A close examination into the minutiae of the growth of the different organs has shown us that the double characters of the double segments are more deeply seated than was imagined. The circulatory system, the nerve cord, and the first traces of segmentation in the mesoblast all show this double character, and the only single part about the segment is the broad plate covering the segment. Now in some of the most ancient of the fossil Myriapods this broad plate shows traces of a division, as if it were in reality two plates fused together. We have also to consider that the life history of the Chilognatha allows us to believe that the peculiar cylindrical shape of the body shown in the greatest degree in the Julidae is attained by the unequal development of the dorsal and ventral surfaces of the body; the ventral surface being compressed together till it is extremely narrow, and the dorsal surface, as it were, growing round it till the originally dorsal surface forms almost a complete ring round the body.
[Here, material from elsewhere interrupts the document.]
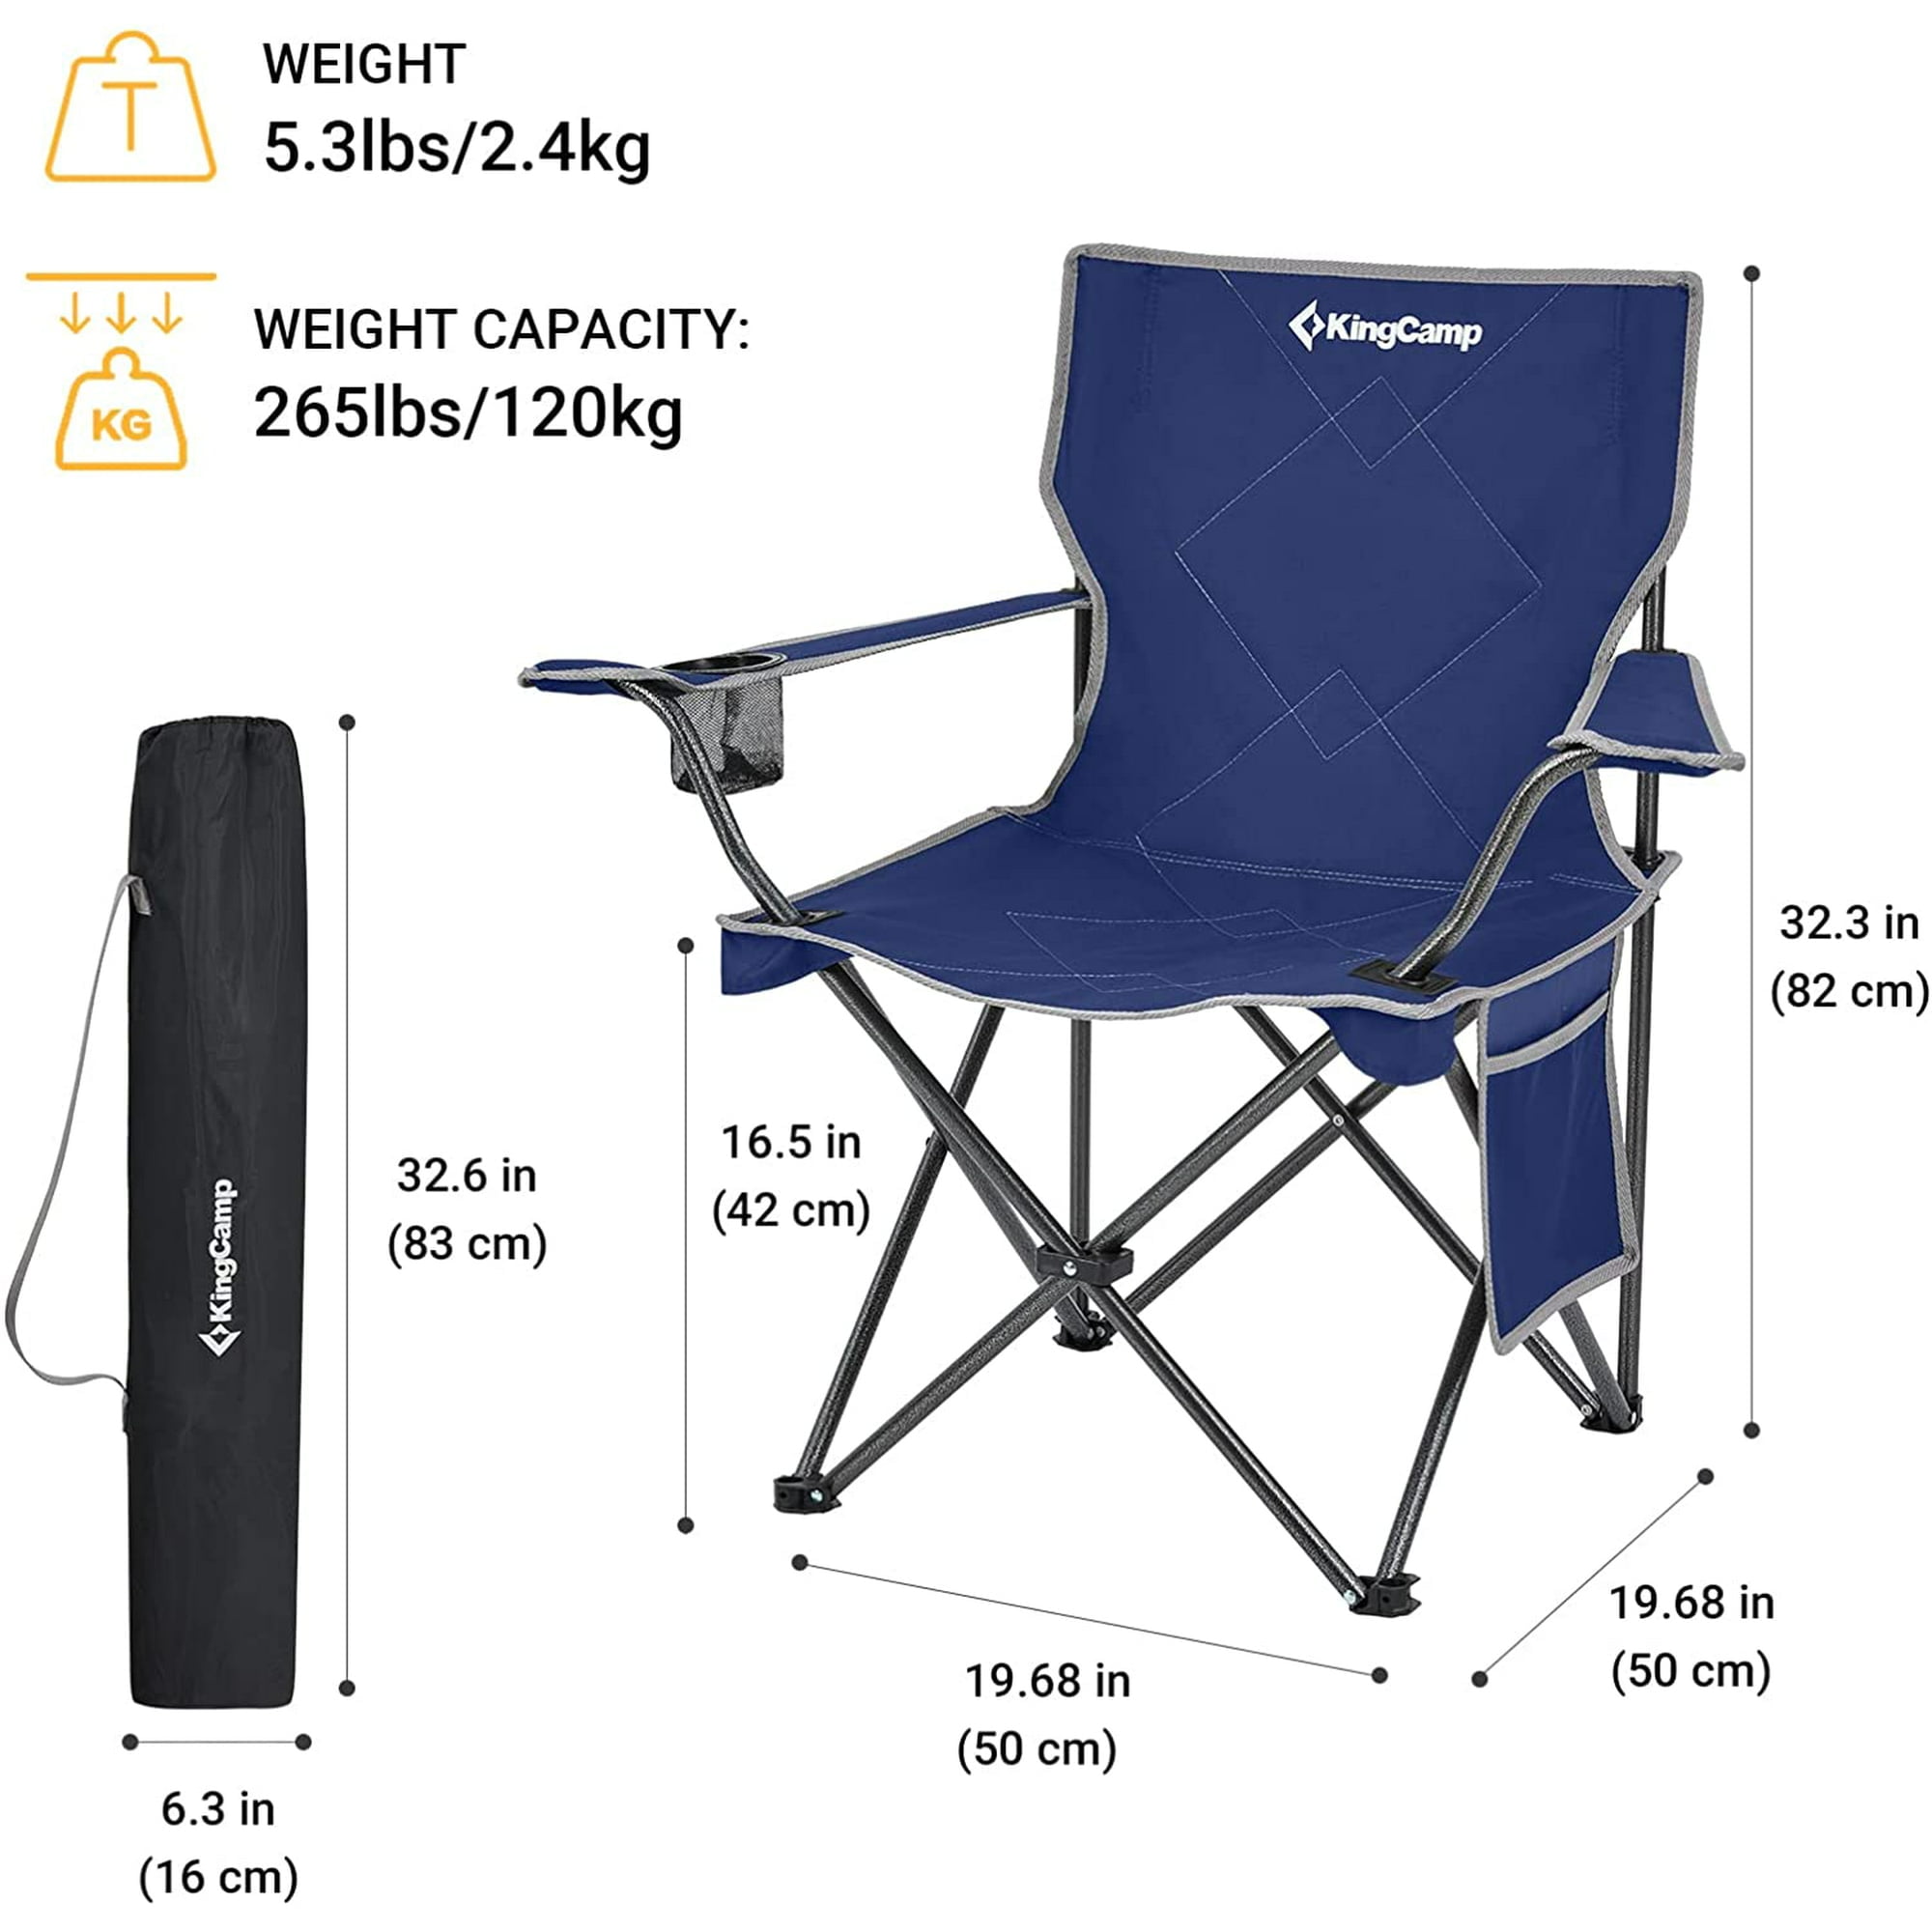  KINGBO 2 Pack Folding Camping Chairs - Portable Camp Chairs  with Cushion and Cup Holder, Folding Lawn Chairs for Adults, Heavy Duty Folding  Chairs for Outside Camping Hiking Fishing Beach, Black

Taking all this into consideration, we are justified, in my opinion, in concluding that each double segment in the Chilognatha is not two segments fused together, nor a single segment bearing two pairs of legs, but is two complete segments perfect in all particulars, but united by a large dorsal plate which was originally two plates which have been fused together, and which in most Chilognatha surrounds almost the whole of two segments in the form of a ring.

Again in the Chilopoda we see that a great distinctive feature that separates them from the Chilognatha is the character of the ventral nerve cord, the cord being double and not single, a character connected with the fact that the bases of the legs are widely separated from one another, and not closely approached to each other, as in the Chilognatha. As we before said, a more minute anatomical examination showed us that this difference was not so great as appeared at first sight, the cord showing traces of a duplication. Well, are these traces superficial, or do they represent a state of affairs more or less similar to that in the Chilopoda? Embryology helps us to answer this question also. In the early stages of the Chilognatha we find that the nerve cord has exactly the form of that in Chilopoda, showing us that the appearances in the anatomy had led us to a right conclusion, and giving us a valuable confirmation of our views. These two examples will serve to show the kind of interest which attaches to embryology.

Palaeontology.

We have seen that embryology enables us to look at the structure of the Myriapods from a new standpoint, and to correct and supplement the knowledge gained from an examination of the adult animal. In the same way a study of the forms of Myriapods which have become extinct on the globe, and have been preserved to us in a fossil form, gives a further opportunity of considering the relations of one form to another, and again of the relations of our group to other groups of animals now existing on the earth. Myriapod fossils have been found in strata of great antiquity. The oldest of such fossils must have been among the first land animals. The figure below shows a fossil Myriapod found in America, belonging to the Order of the Protosyngnatha which are only found in the Palaeozoic strata. It is a good example of the manner in which Myriapods were protected by bundles of bristles in the same way as the Polyxenus of the present time.